Yes, and with that in mind here are a few of my favorite alternatives to PowerPoint: Glogster, Google Slides, Powtoon, Prezi, and VoiceThread. There are dozens of web-based presentation tools, but each of these is easy-to-use and available for free. Please keep in mind that they do not simply duplicate the functions of PowerPoint; using a different presentation tool inherently changes the nature of the presentation and what it means to present.

  • The first, Glogster, is used to generate “multimedia interactive posters” or glogs. These glogs allow presenters, often students, to express their ideas by combining a variety of multimedia in one digital space. Users are able to include images, graphics, audio, video, and text. When finished, glogs are easily shared online.
  • Google Slides approximates the overall function of PowerPoint; however, this web-based alternative has more robust features for collaborating and interacting with a live audience. For example, multiple users can simultaneously access and edit the same presentation. Perhaps most notably, Slides offers the presenter the ability to accept and present audience questions during the presentation.
  • Powtoon is quite different from the other presentation tools described here. It is a video – animation presentation software. These video-based presentations allow you to grab the attention of the audience by animating what would normally be a static and linear presentation. Powtoon is especially useful for presenting projects.
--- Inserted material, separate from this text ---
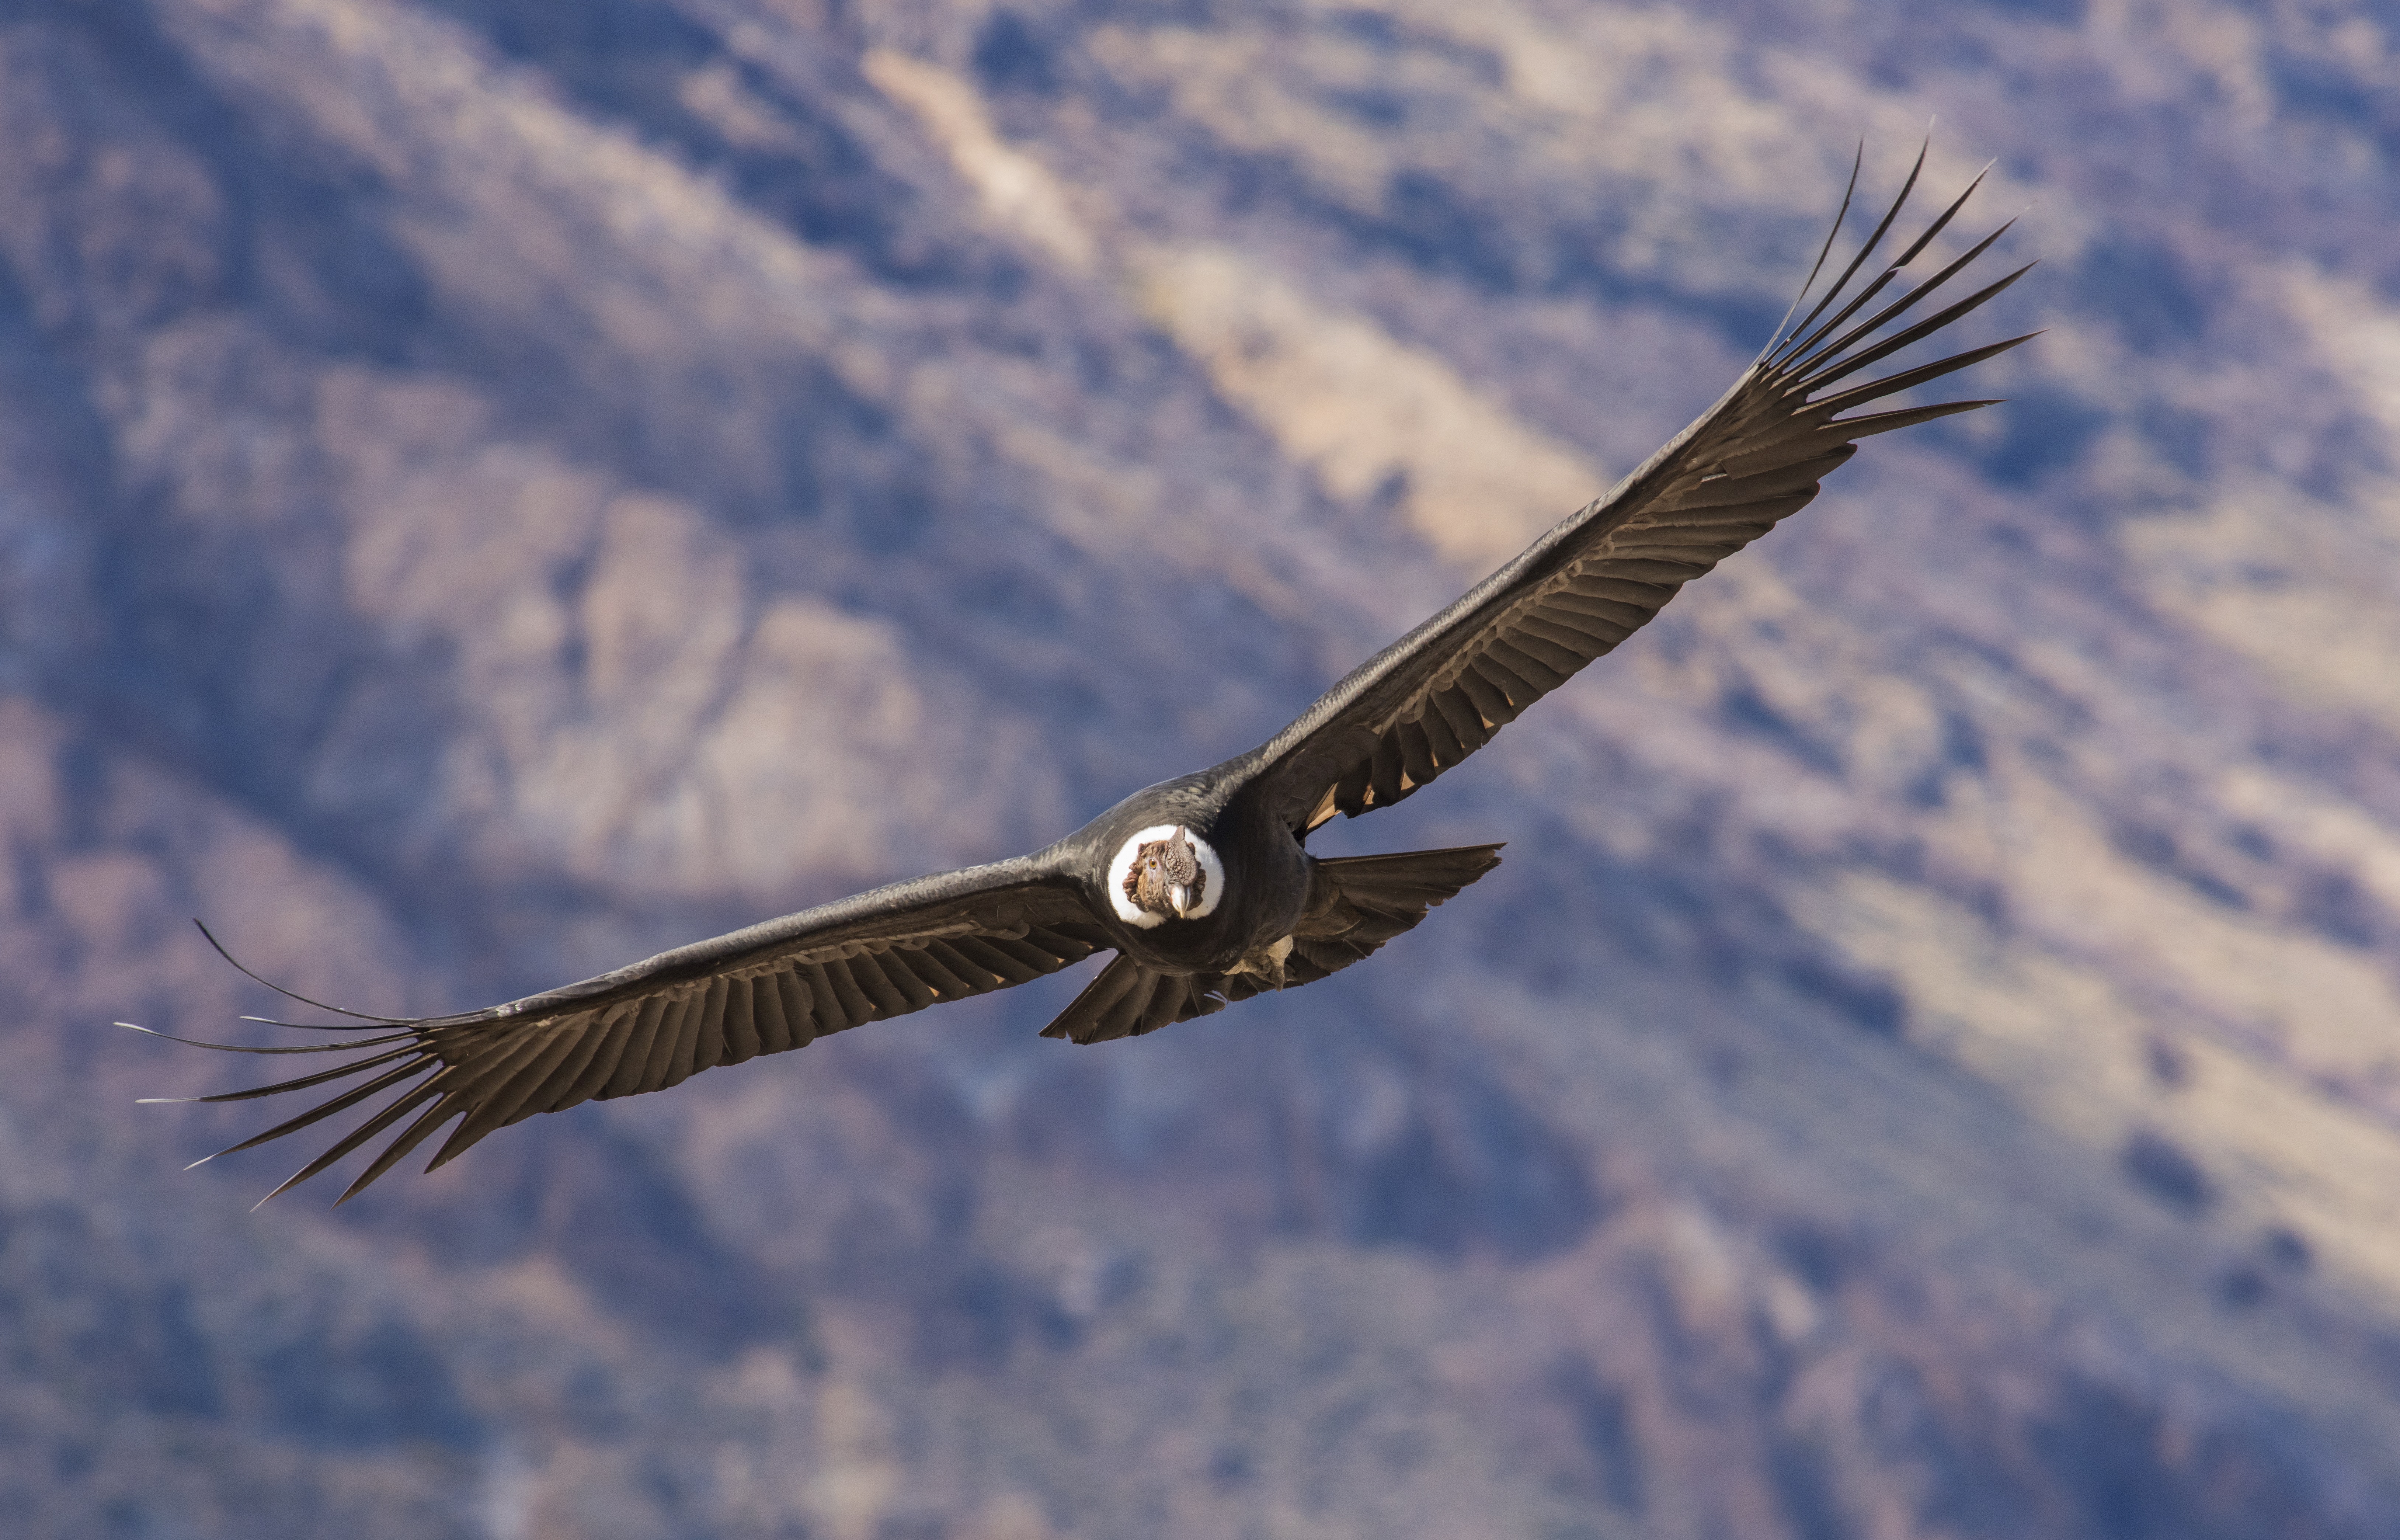 A kondorkeselyű akár 170 kilométeren át képes repülni egyetlen szárnycsapás nélkül

  • Prezi has quickly become a significant rival of PowerPoint. Prezi enables the creation of presentations; however, these presentations may be crafted in a manner that displays a visual journey, such as the flight of a bird or plane. Prezi is excellent for documenting movement, progress, or the organization of a structure or process.
  • VoiceThread allows you to create multimedia conversations using text, annotations, images, videos, documents, and presentations. It is a collaborative tool that allows multiple users to view, create, modify, and annotate presentations. VoiceThread is easily one of my favorite presentation tools and is extremely robust in supporting language learning.

*Not all alternatives to PowerPoint are created equally. It is always important to note the intended purpose of the presentation and the unique functions offered by each tool. Leverage these defining characteristics to maximize your presentation value.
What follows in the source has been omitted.